At the age of 53, Grace O’Malley was a very wealthy and independent woman. Her troubles, however, were only beginning.

By 1593 Grace O’Malley was in conflict not only with England but also with the Kingdom of Ireland, who she believed was trying to limit her influence over the large land she owned. She was even attacked several times by her fellow Irishmen from other clans, but all those attacks were swatted away on the walls of her strong castles.

The meeting of Grace O'Malley and Queen Elizabeth I
The meeting of Grace O’Malley and Queen Elizabeth I. (Source: Public Domain/Wikimedia Commons)

The war with the English intensified, and during that same year, English governor of Connacht, Sir Richard Bingham, managed to capture her two sons Tibbot Burke and Murrough O’Flaherty and her half-brother Dónal na Píopa. In a historical moment, Grace headed to London to meet with Queen Elizabeth I. The meeting was attended by some associates of the Queen. Being educated, Grace conversed with the Queen in Latin but refused to bow because she felt that she was not a rightful ruler of Ireland.

Sir Richard Bingham, appointed president of Connacht in 1584—‘The Irish were never tamed with words but with swords’. (National Portrait Gallery, London)
Sir Richard Bingham, appointed president of Connacht in 1584. (Source: National Portrait Gallery, London)

After the long talk had been finished, the Queen and O’Malley came to the agreement in which English would remove Sir Richard Bingham from Ireland, while O’Malley would stop supporting Irish lords who fought for the independence of their lands. Moreover, they agreed to become allies in the war with the Spanish, in return for her sons’ release.

Upon returning to Ireland, Grace O’Malley saw not all demands met (Bingham was gone, but the castles and lands he took from O’Malley family remained still in English hands), so he continued backing Irish independence during entirety of the bloody Nine Years’ War (sometimes called Tyrone’s Rebellion) between 1594 to 1603, the largest open conflict against the English rule in Ireland during Elizabethan era.


Grace O'Malley Statue
A statue of Grace O’Malley in County Mayo, Ireland. (Source: Suzanne Mischyshyn/Creative Commons/Geograph)

A veil of ambiguity conceals Grace’s death. The last manuscript recording her piracy was in 1601 when an English warship confronted one of her galleys between Teelin and Killibegs.
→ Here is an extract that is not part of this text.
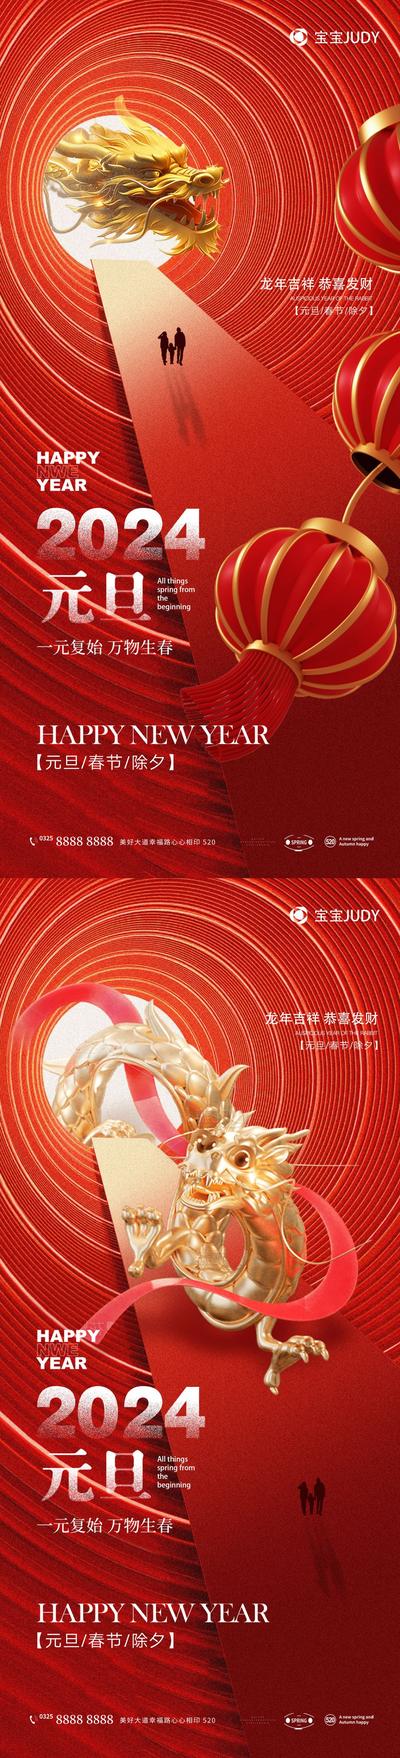 南门网 广告 海报 节日 元旦 新年 春节 龙年 2024 系列 大气 品质
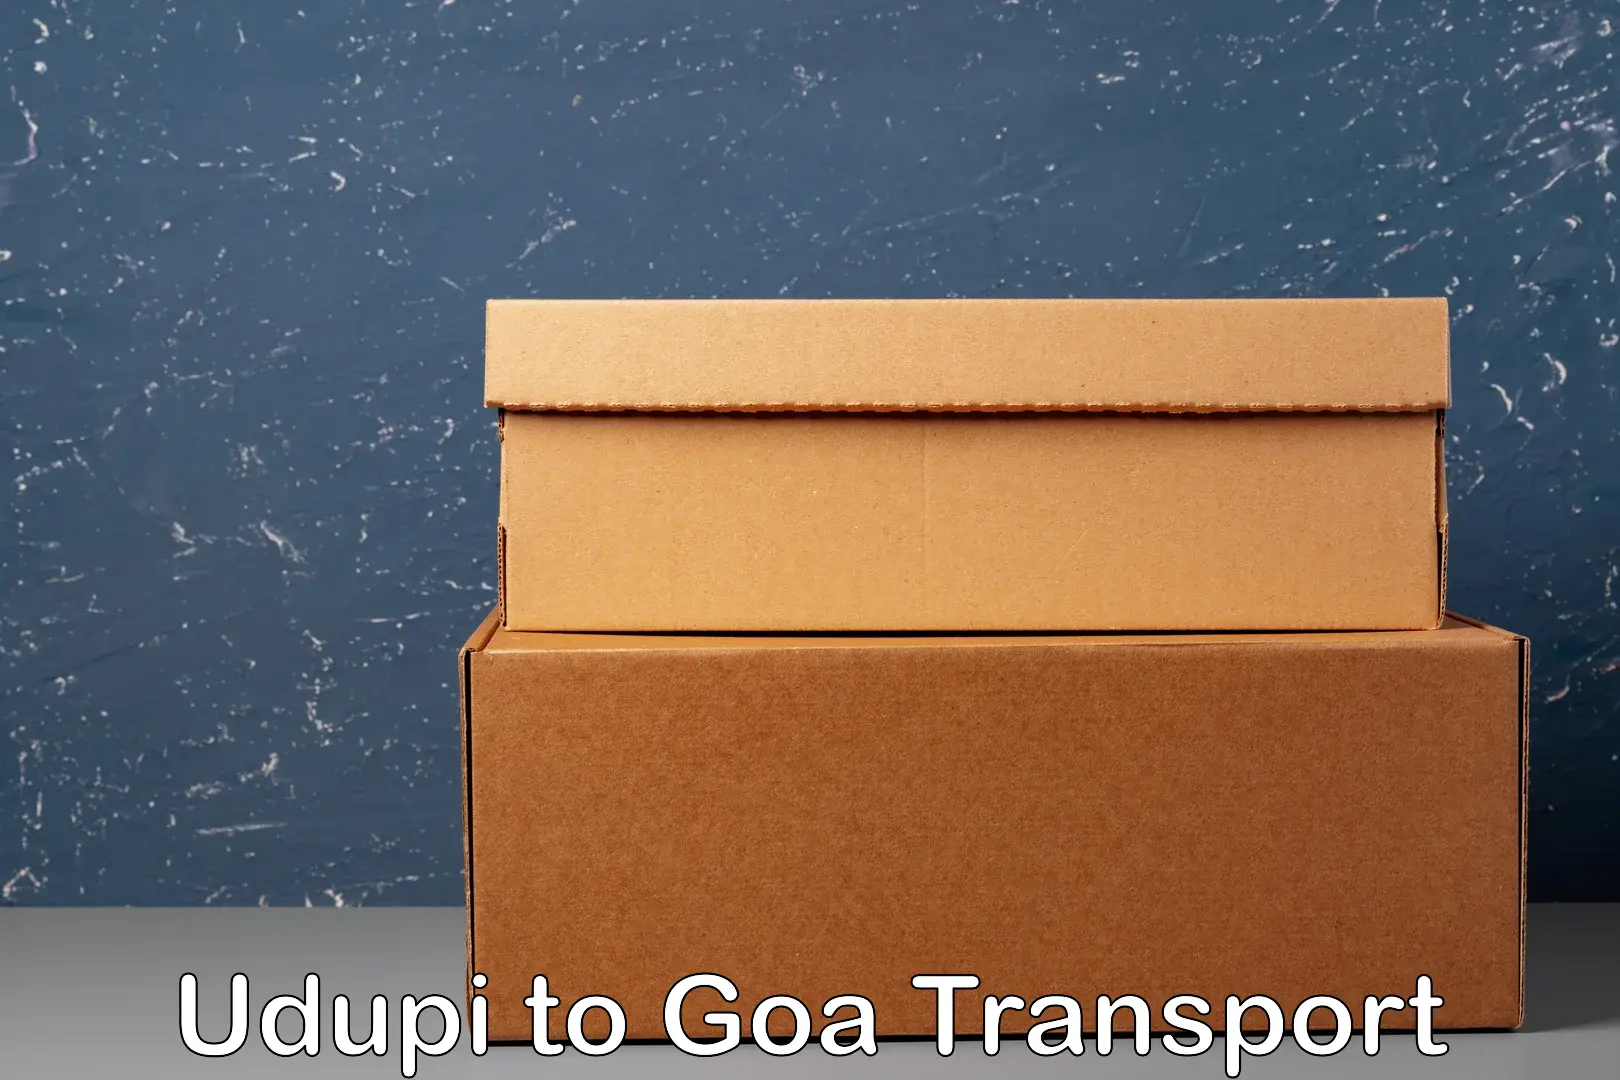 Nearest transport service Udupi to Goa University

Having spent her life exploiting the sea, Grace had more than enough to engrave her name in the books of history, and died in 1603 at the age of 73, the same year as the Queen of England, Elizabeth I passed away. She was buried in the Cistercian Abbey on Clare Island, instantly becoming an Irish folk hero.

During the entire 70 years of her life, Grace O’Malley managed to retain the reputation of fierce leader and smart politician and persevered vehemently to protect the independence of her lands that she sought during the time when much of Ireland fell under the English rule.

Grace O`Malley was a tyrant of the ocean, clan chieftain, mother, wife, survivor and brilliant politician. Her deeds are now obscured by time, but the legacy of her mastery survives in the ruined monuments and the folk-consciousness on Clare Island and beyond. To this day, she is used as a personification of Ireland and an inspiration for many modern songs, theatre productions, books, and a name for a wide variety of sea vessels and public objects and places.